Besonders extrem zeigt sich dies am Beispiel der Medienbranche: Über 110 Journalist*innen haben mittlerweile einen offenen Brief an die Tamedia-Geschäftsleitung unterschrieben, der Sexismus in der Firmenkultur anprangert. Daraufhin kündigte die Chefredaktion Schritte zur Verbesserung interner Anlaufstellen und Fördermechanismen an. Doch strukturellen Sexismus will Geschäftsleitungsmitglied Arthur Rutishauser im Gespräch mit dem SRF nicht anerkennen. Ein Aufschrei in der Branche blieb aus, andere Medienhäuser meldeten sich defensiv oder gar nicht zu Wort – struktureller Sexismus wird offenbar gerne als ein Problem der anderen gesehen. Und das, obwohl (oder gerade weil?) auch das Westschweizer (RTS) und Tessiner Fernsehen (RSI) sowie die SRG als Trägerin sich derzeit mit massiven Sexismus-Vorwürfen auseinandersetzen müssen.

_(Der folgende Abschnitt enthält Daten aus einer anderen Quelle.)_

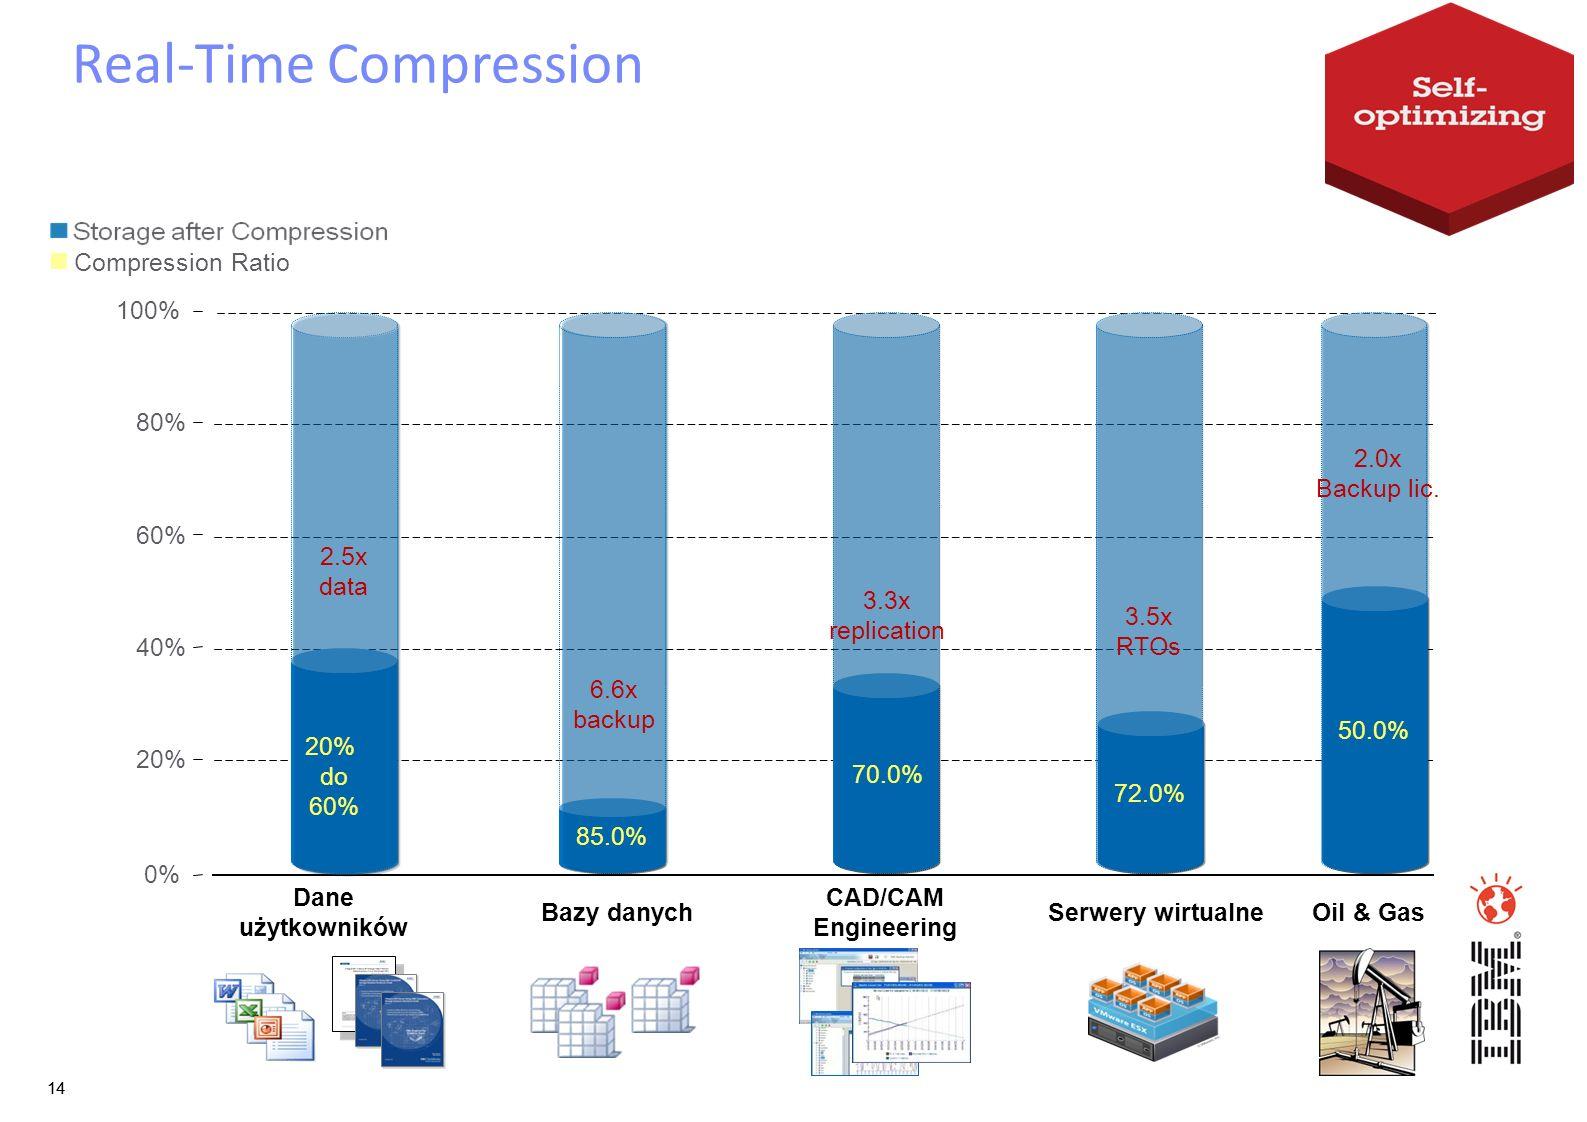 14 0% 20% 40% 60% 80% 100% Bazy danych Dane użytkowników CAD/CAM Engineering Serwery wirtualneOil & Gas 2.5x data 6.6x backup 3.3x replication 3.5x RT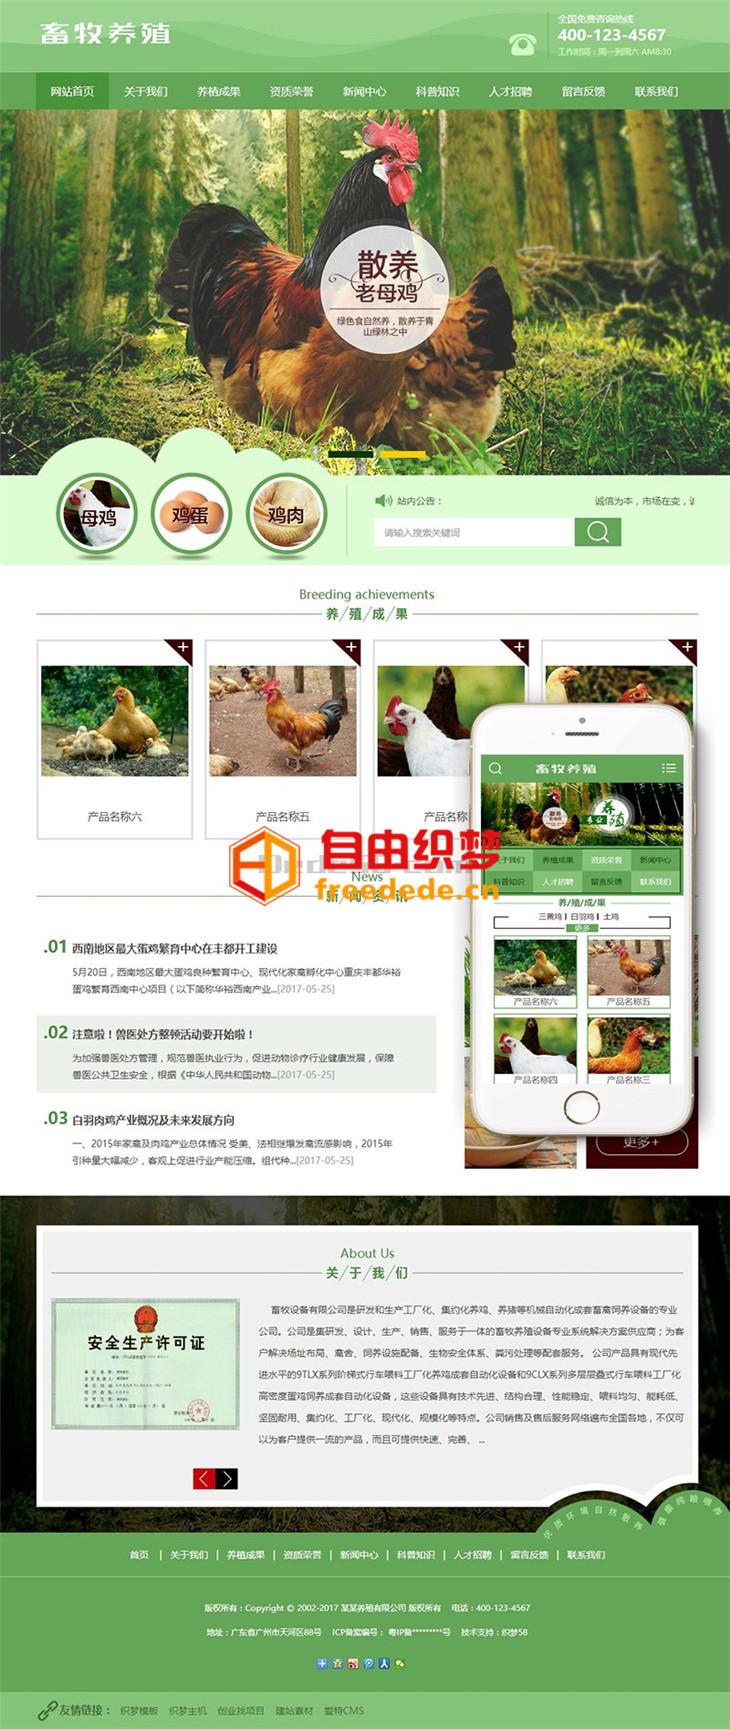 爱上源码网文章营销型家禽畜牧养殖类网站织梦模板(带手机端)整站源码下载的内容插图

Abhilfe – auch in anderen Branchen wie der Privatwirtschaft, dem Kulturbereich oder der Politik – sollen klare Richtlinien, niederschwellige und unabhängige Meldestellen sowie eine offene und transparente Kultur schaffen. «Und da ist es dann eben nicht mehr nur ein Hashtag, da geht es darum, Geld dafür zur Verfügung zu stellen, es geht um Ressourcenkämpfe», legt Franziska Schutzbach den Finger in die Wunde. Für Übergriffe im öffentlichen Raum wurde in der Westschweiz eigens die App «Eyes Up» geschaffen; sie soll es Betroffenen ermöglichen, Vorkommnisse einfach und schnell anonym zu melden. Zürich will mit einem ähnlichen Projekt nachziehen.